7.9 KiB

Raw Blame History

TradingAgents backend migration and rollback notes draft

Status: draft Audience: backend/application maintainers Scope: migrate toward application-service boundary and result-contract-v1alpha1 with rollback safety

Current progress snapshot (2026-04)

Mainline has moved beyond pure planning, but it has not finished the full boundary migration:

Phase 0 is effectively done: contract and architecture drafts exist.
Phase 1-4 are partially landed:
- backend services now project v1alpha1-style public payloads;
- result contracts are persisted via result_store.py;
- /ws/analysis/{task_id} and /ws/orchestrator already wrap payloads with contract_version;
- recommendation and task-status reads already depend on application-layer shaping more than route-local reconstruction.
Phase 5 is partially landed via the task lifecycle boundary slice:
- status/list/cancel now route through backend task services instead of route-local orchestration;
- web_dashboard/backend/main.py is still too large outside that slice;
- reports/export and other residual route-local orchestration are still pending;
- compatibility fields still coexist with the newer contract-first path.

Also note that research provenance / node guard / profiling work is now landed on the orchestrator side. That effort complements the backend migration but should not be confused with “application boundary fully complete.”
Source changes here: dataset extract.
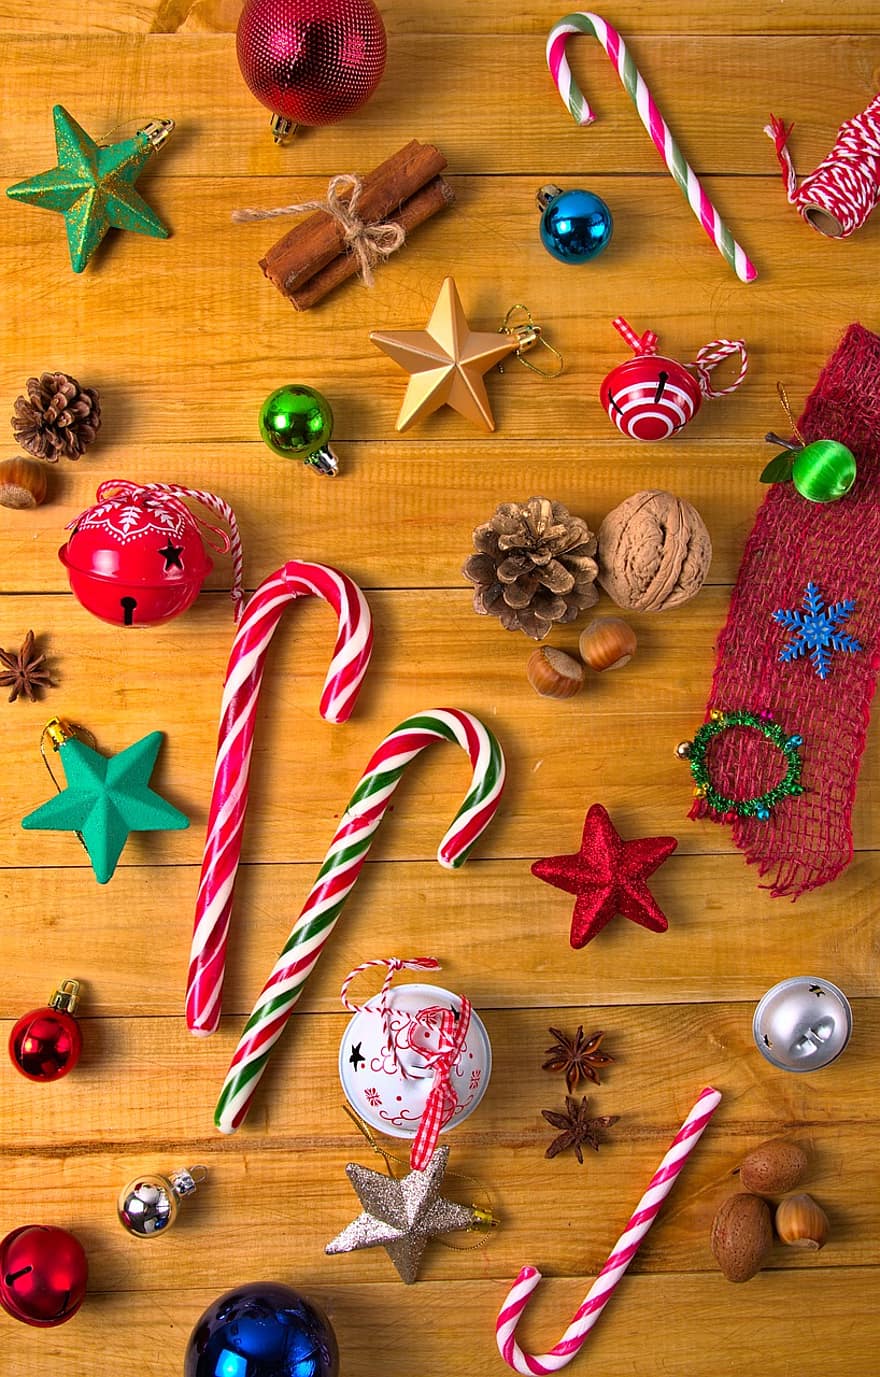 laski cukierków, bombki, gwiazdy, gwiazdy świąteczne, szyszki sosnowe, dekoracje, ozdoby świąteczne, ozdoby, świateczne ozdoby, Boże Narodzenie tło, Boże Narodzenie tapeta

Recent improvements (2026-04-16):

Orchestrator error classification now includes comprehensive provider × base_url matrix validation
Timeout configuration validation warns when analyst/research timeouts may be insufficient for multi-analyst profiles
All provider mismatches (anthropic, openai, google, xai, ollama, openrouter) are now detected before graph initialization

1. Migration objective

Move backend delivery code from route-local orchestration to an application-service layer without changing the quant+LLM merge kernel behavior.

Target outcomes:

stable result contract (v1alpha1)
thin FastAPI transport
application-owned task lifecycle and mapping
rollback-safe migration using dual-read/dual-write where useful

2. Current coupling hotspots

Primary hotspot: web_dashboard/backend/main.py

It currently combines:

route handlers
task persistence
subprocess creation and monitoring
progress/stage state mutation
result projection into API fields
report export concerns

This file is the first migration target.

3. Recommended migration sequence

Phase 0: contract freeze draft

Deliverables:

agree on docs/contracts/result-contract-v1alpha1.md
agree on application boundary in docs/architecture/application-boundary.md

Rollback:

none needed; documentation only

Phase 1: introduce application service behind existing routes

Actions:

add backend application modules for analysis status, live signals, and report reads
keep existing route URLs unchanged
move mapping logic out of route functions into service/mappers

Compatibility tactic:

routes still return current payload shape if frontend depends on it
internal service also emits v1alpha1 DTOs for verification comparison

Rollback:

route handlers can call old inline functions directly via feature flag or import switch

Current status:

partially complete on mainline via analysis_service.py, job_service.py, and result_store.py
task lifecycle (status/list/cancel) is now service-routed
not complete enough yet to claim main.py is only a thin adapter

Phase 2: dual-read for task status

Why:

Task status currently lives in memory plus data/task_status/*.json. During migration, new service storage and old persisted shape may diverge.

Recommended strategy:

read preference: new application store first
fallback read: legacy JSON task status
compare key fields during shadow period: status, progress, current_stage, decision, error

Rollback:

switch read preference back to legacy JSON only
leave new store populated for debugging, but non-authoritative

Phase 3: dual-write for task results

Why:

To avoid breaking status pages and historical tooling during rollout.

Recommended strategy:

authoritative write: new application store
compatibility write: legacy app.state.task_results + data/task_status/*.json
emit diff logs when new-vs-legacy projections disagree

Guardrails:

dual-write only for application-layer payloads
do not dual-write alternate domain semantics into orchestrator/

Rollback:

disable new-store writes
continue legacy writes only

Phase 4: websocket and live signal migration

Actions:

make /ws/analysis/{task_id} and /ws/orchestrator render application contracts
keep websocket wrapper fields stable while migrating internal body shape

Suggested compatibility step:

send legacy event envelope with embedded contract_version
update frontend consumers before removing legacy-only fields

Rollback:

restore websocket serializer to legacy shape
keep application service intact behind adapter

Current status:

partially complete on mainline
/ws/orchestrator already emits contract_version, data_quality, degradation, and research
/ws/analysis/{task_id} already reads application-shaped task state

Phase 5: remove route-local orchestration

Actions:

delete dead inline task mutation helpers from main.py
keep routes as thin adapter layer
preserve report retrieval behavior

Rollback:

only safe after shadow metrics show parity
otherwise revert to Phase 3 dual-write mode, not direct deletion

4. Suggested feature flags

Environment-variable style examples:

TA_APP_SERVICE_ENABLED=1
TA_RESULT_CONTRACT_VERSION=v1alpha1
TA_TASKSTORE_DUAL_READ=1
TA_TASKSTORE_DUAL_WRITE=1
TA_WS_V1ALPHA1_ENABLED=0

These names are placeholders; exact naming can be chosen during implementation.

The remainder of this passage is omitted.